С именем у Шрамгана своя история и в сравнении с двумя именами Сермяга, гораздо сложнее. Даже сказать, запутаннее. Поскольку на языке того лесного племени, из которого Шрамган, будучи ещё молодым юношей, был выкраден «чёрными» работорговцами, его имя имело правильное звучание – Шра Мган. Написание у этого имени отсутствовало, так как в племени ещё не дошли до письменности. «Шра» в том племени означает – рог, а «мган» – бык. Итого – Рог Быка. Или в более удобной интерпретации – Бычий Рог. Вискандцы в школе гладиаторов, куда после пленения попал Шра Мган, не стали морочиться и называли его просто Шрам. Получилось, что юношу, не имевшего где-либо на своём теле никаких шрамов, все стали звать Шрамом. То есть имя тогда не исходило из действительности. Ну а дальше, по прошествии довольно долгого времени, действительность догнала-таки имя.

…Друзья с удовольствием уплетали рыбу и продолжали беседовать.

– Мы когда где-нибудь за кувшином сидим… в городе иль ещё где… – с довольным видом говорил Фрагуст, – у нас разговор вечно строится, как по накатанной дорожке: политика, мироустройство и в конце о девках. Предлагаю на рыбалке с этого раза политику не трогать.

Друзья не возражали.

– У… леший! – царь шлёпнул себя по шее. – Вот и комары появились. Комары – отъявленные сволочи. Это самый большой недостаток тёплой половины года. Не пойму, для чего богам взбрело создавать этих тварей кровососущих? Неужели просто так, без особой надобности?

– Зашли на мироустройство, – засвидетельствовал Сермяг.

Разлили ещё. Чарки поднялись, сплотились, опрокинулись. Носы нюхнули хлеба. И вновь за рыбу.

– В каждодневных заботах, в богов-создателей не очень-то и верится, – продолжил Фрагуст и провёл рукой по небу. – Но кто-то ведь это всё придумал. Не само же оно. А если кто-то… то мог бы и не останавливаться. Здесь хорошо вышло, а тут не очень. Получилось: вот вам лето с комарами и вот вам время без комаров, но это зима. Я бы зиму убрал, к чертям лысым. Пускай бы и круглый год с комарами. И Светило пусть посреди неба всегда висит. Чего оно ходит из края в край.

– А как же ночь, звёзды? Сны? – поддел друга замечанием Сермяг.

– Пожалуй, про Светило, это лишнее. Последние слова беру обратно.

– Правильно, забирай, – теперь Сермяг чуть с укором глянул на царя. – Как бы ты тогда во времени ориентировался? А по дням в году? Тут всё очень даже умно устроено. И красиво. Скрылось Светило – день закончился. Поспали. Утром с противоположной стороны взойдёт – и опять новый день.

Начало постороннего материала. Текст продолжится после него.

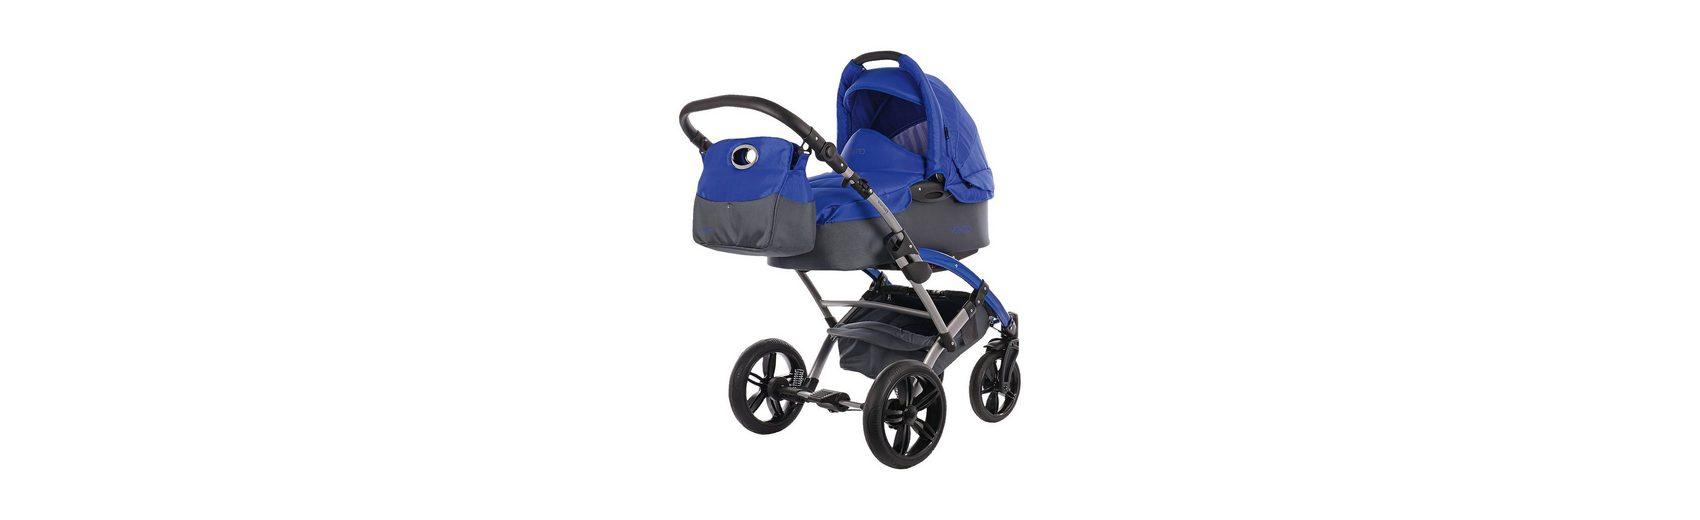 knorr-baby Kombi Kinderwagen Voletto Sport mit Wickeltasche, grau-blau

– Меня вот что удивляет, – вступил в разговор Шрамган. – Как оно под нами проходит? Ведь с другой стороны утром оно же самое встаёт. Получается, земля имеет края не только там… и там, – указательный палец поочерёдно показал по сторонам заката и восхода, – но и там! – палец воеводы теперь был направлен вниз.

Фрагуст встал. Обошёл лавку. Достал изо рта застрявшую меж зубов мелкую рыбью косточку и отщелкнул её пальцем в сторону. Облокотился на жердь между столбами навеса.

– Невозможно поверить в оба расклада, – развивал свою мысль воевода. – Ни в то, что земная твердь вниз бесконечна, ни в то, что где-то там она заканчивается. Вариант с бесконечной твердью отпадает из-за проходящего под нами Светила. Начинаешь думать о том, о чём остаётся, разум выворачивается. Значит, если копать вниз долго-долго… копать, копать… то когда-нибудь ты провалишься! Куда?!

– В ад, – совсем не в утвердительной форме отреагировал Фрагуст.

– То есть земля висит над адом и Светило каждую ночь в него погружается? Сам-то веришь в такое? – парировал Шрамган.

– За счёт чего-то оно должно гореть, – аргументировал в ответ Фрагуст, одновременно достав из-за пазухи трубку и кисет с табаком. – Рассказывают же, что есть на земле места, где огненная жижа наружу выпирает.